The police arrive, and MacKay is interviewed by Commissioner Paul Favrel. MacKay tells Favrel about the French girl who was on the phone before the assassin entered. MacKay agrees to examine photos the police station to see if he can identify the assassin. The police have also gathered female Sorbonne students who are OAS sympathizers. Martin is asked if he can identify the girl from the cafe. Simone is in the lineup, but MacKay does not identify her. Favrel warns MacKay that the OAS will try to kill him.

MacKay tracks down Simone at her school. He asks her to meet him at a cafe after her class. Simone enters her Shakespeare class which is taught by Phillipe Tabor. Simone later meets MacKay at the cafe. She insists that she didn't know that anyone was going to be shot and warns him that it is very dangerous to identify a man from the OAS. They agree to meet again later.

Simone finds Tabor in her apartment. She confronts him about changing the plan. She did not know that Martin was to be killed. Tabor learns that Simone met with MacKay, as he had her followed. Simone and Tabor are lovers. She asks Tabor not to harm MacKay.

Favrel has had MacKay followed and confronts him about meeting again with Simone. Favrel takes MacKay to a hospital to meet his wife, Marie, who was blinded in an OAS bombing.

MacKay meets Simone again. MacKay returns to his apartment to find that it has been bombed by the OAS. MacKay's friend Workman was killed in the explosion. Favrel explains that the bomb was planted while MacKay was with Simone and that the bomb was intended for him.

Simone learns of the OAS bombing at MacKay's apartment and believes he is dead. She then discovers him alive at the cafe where they met. She denies having anything to do with the bombing. As they leave the cafe, Claude approaches with a gun. The police have been following MacKay and shoot Claude.

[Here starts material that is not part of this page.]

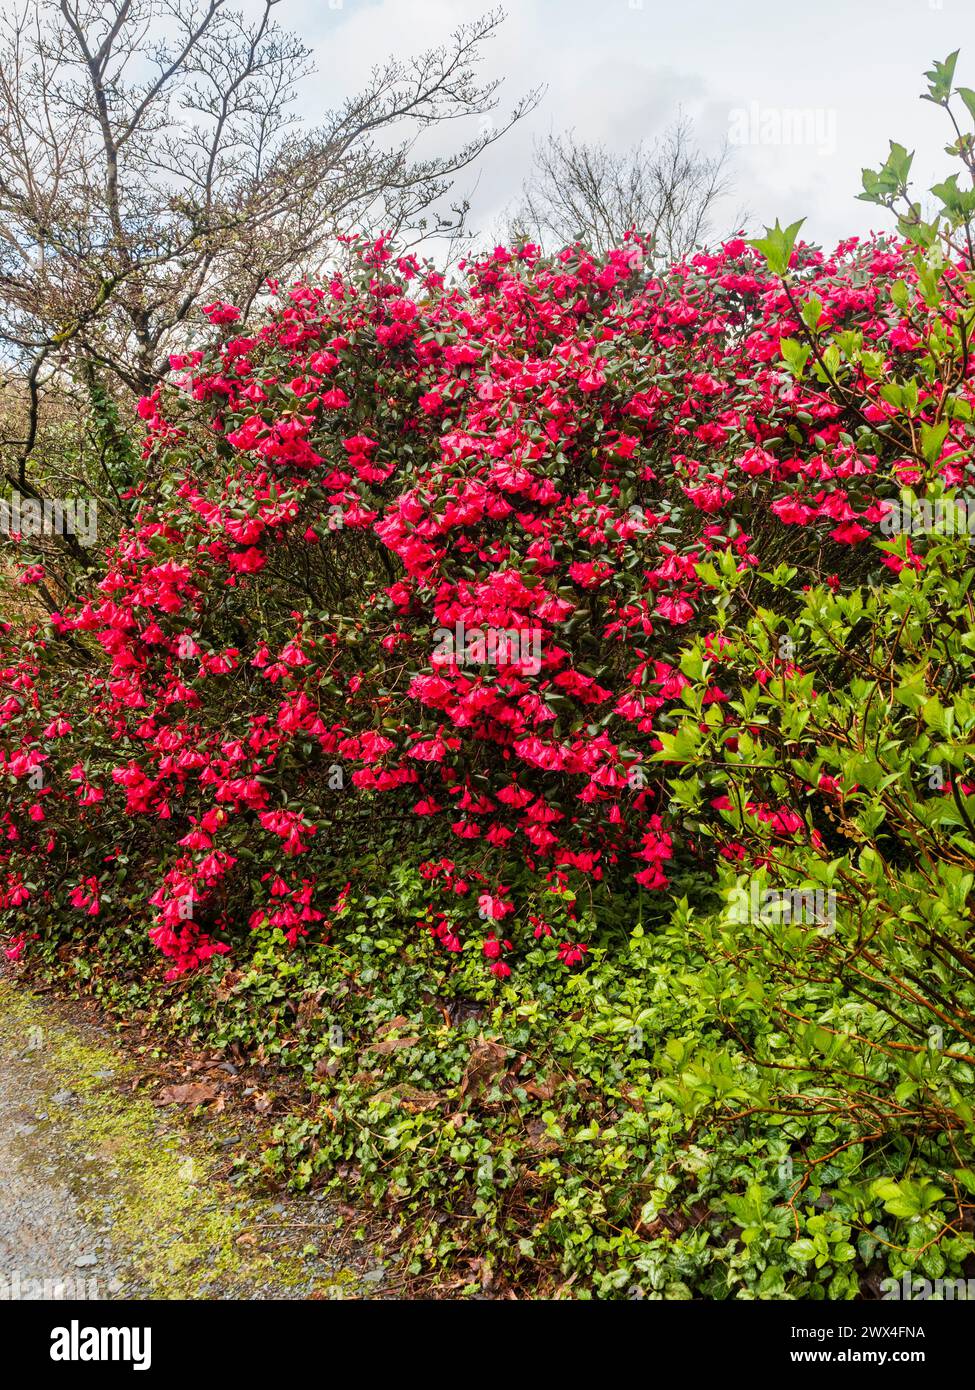 Deep pink flowers of the hardy evergreen shrub, Rhododendron orbiculare at The Garden House, Devon, UK Stock Photo

MacKay returns with Simone to her apartment. Tabor calls on the payphone from across the street. He asks Simone to meet him at Orly Airport with his passbook. Simone calls Favrel to tell him where they can find Tabor. As MacKay and Simone leave her apartment, Tabor steps from the darkness intending to kill MacKay. Simone shoots Tabor before he can shoot. Simone apologizes to Tabor and then walks off into the night.

==Cast==
The cast included performances by:

- Stephen Boyd as Robert MacKay
- Louis Jourdan as Phillipe Tabor
- Monique LeMaire as Simone Dumail
- Émile Genest as Paul Favrel
- Maurice Marsac as Broussard
- Bernie Hamilton as Joe Workman
- Jacques Roux as Bartender
- Willie Soo Hoo as Oriental Student
- Janine Grandel as Marie Favrel
- Albert Carrier as The Man

==Production==
The film was a Hovue production. It was broadcast by NBC on January 3, 1964, as part of the television series, Bob Hope Presents the Chrysler Theatre. Dick Berg was the producer and Sidney Pollack the director. The screenplay was Mark Rodgers based on the novel by Paul Brickhill. John Williams, credited as Johnny Williams, composed the music, and John J. Lloyd was the art director.